私が普通じゃない理由の一つだ。影のない人を見ることは、祖父に虚言癖と言われ疎まれた原因である。


 毎朝、図書室にいる人たちのほとんど影がない人たちで、自分から話しかけない限り相手も反応はしない。私のあまりに当たり前に死人、わかりやすく言えば幽霊を受け止めている姿は、幽霊を見えない相手だと勘違いさせるのに十分だったらしい。だから、姫野が私に話しかけていることに反応する姿を見て、ここぞとばかりに群がってきたのだろう。あわよくば道連れにしようと考えて。結局、生贄になったのは金本で、彼女がどうなろうか私にはわからない。桜木優はなにかしらやっているのかもしれないが、私には関係ない話だ。ただ、働き過ぎでやつれることだけは避けてもらいたい。

 

 彼はそういうわけで私を見捨てることはできなかったようだ。彼は仕事の合間に私を呼び寄せては、私に憑りついた霊たちを浄化させている。強行的な方法をとる場合もあれば、優しく諭す場合もある。前者はすでに終えて、今彼の周りにいるのは愚痴を聞いてもらうことで浄化をさせてもらおうとしているものたちだ。

 せっかく事件のこともあり、事務所の社長から休暇を増やしてもらったようなのに、ご苦労なことだ。

 でも私には都合がよかった。


 あの時、桜木優が女の首を絞めていたのは、強行的な浄化であった。廃工場になったこの場所でモデルだった彼女はストーカーに殺されたらしい。工場の周りにはられたキープアウトの黄色と黒の紐はそのときの名残で、彼女の遺体は自殺したストーカーとともに腐敗した状態で転がっていたという。発見したのは、廃工場をたまり場にしていた不良集団だったらしく、それからこの場所が根城として使われることはなくなったらしい。


 桜木優はアイドルになる前、モデル時代に彼女に世話になったという。彼はモデル仲間だった彼女を見つけ、どんな形であろうと浄化させてあげたかったみたいだ。


 優しい青年は、彼なりの優しさで幽霊を再び殺してやったのだ。


 私はそれを少し離れたところで眺めている。ココアを桜木優に渡し、私もそれをちびちびと飲みながら、ろう人形の本と液体樹脂の本を読む。どちらも美術書なのだが、原材料がしっかり書かれているのがよい。制作過程も書かれていればなおよかった。

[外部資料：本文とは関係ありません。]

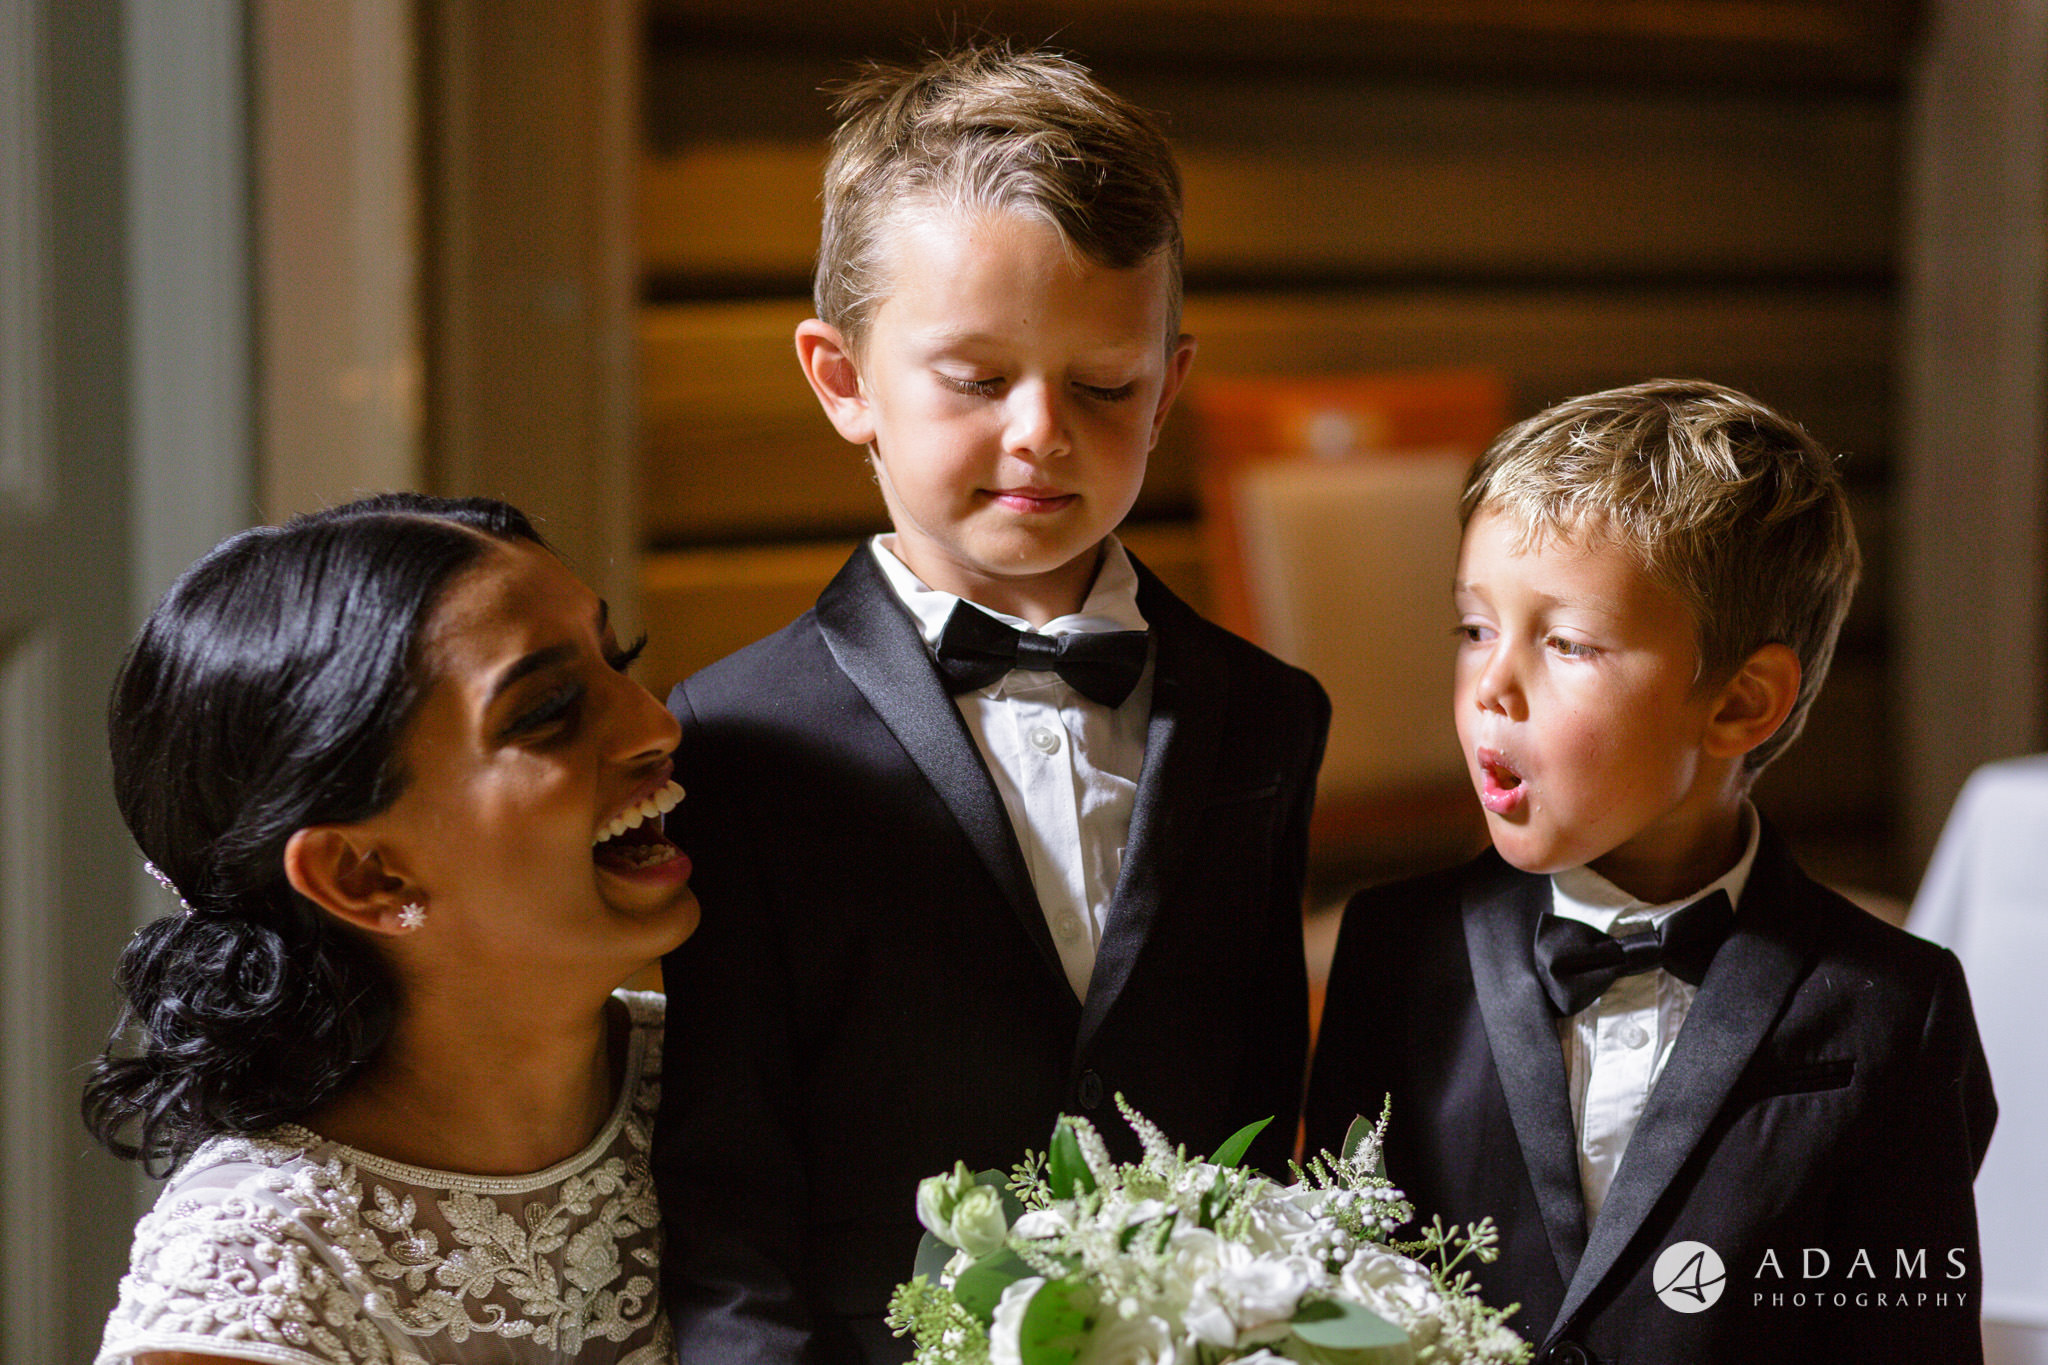 Oslo Wedding Photography kids smile and laugh

 読書の合間に彼を見ると、疲れているのだろうか、それとも私の持ってきたココアを素直に飲んだためか、船をこいで眠っている。女性週刊誌で薬物をやっていると書かれていたのはデマだったようで、父からくすねてきた少量の睡眠薬でこのとおり眠った。これだけ無防備な姿だと、私が後ろから筋弛緩剤を打っても何も抵抗できないだろう。


私と彼以外は実体のないものたちだらけのこの廃工場は、作業をするにはおあつらえむきの場所に違いないのだが残念なことに材料がない。貧しい中学生の手もとにあるのは、薬局で買ったグリセリンと学校からくすねてきた塩化亜鉛くらいだ。まだまだ、処置を施すには全然足りない。道具も技術も知識も足りない。私が欲しいのは、美しい完全なものである、下手にあせって単なる肉塊を作るつもりはない。


 無駄なものをすべて排除し、きれいに固めて、瓶詰にしたい。すべての処置を終えたら、大きなガラスに入れて液体樹脂で固めるのだ。空気の泡を一つも入れないように慎重に作業しないといけない。空気に触れず風化しないそれをそっと私は眺め続けるのだ。いくつも置いたガラスの瓶の宝物の中で一番素敵なものとして。


 私は本を置き桜木優の前に立つ。寝息をたてる彼のまつげは長く、さらりとした髪が頬を撫でている。また昨日よりきれいになった気がする。いつかは衰えるはずの彼の肉体は、まだ成長過程にある。

 タイミングは大切だ、まだまだピークは先かもしれないし、今が一番いい状態なのかもしれない。できれば、もっともっと彼が美しく育って、私はそれまでに必要なものをすべて揃えられたらいいと思う。

 

 私は彼の頬に触れようとしたが、思いとどまって三センチほどの位置で指先を止める。せっかくのあどけない寝顔が少しでも歪んでしまわないか気になったからだ。

 彼の前にある傾いた棚の上に座り頬杖をついて彼を見る。瓶詰にするなら、この寝顔で固定するのがいいかなあ、と思う。


 最高の素材を前に、私はにやにやとずっと観察し続けていた。





あとがき


これは裏面のお話で、表面は昼はアイドル、夜はエクソシスト見習いの少年が悪霊退治をするお話のはず。ヒロインはきっと霊能力が強くて引き寄せてしまうけど、それを払う能力のないか弱い女の子のはずですね。


無駄なアイドル設定はこっから来ております。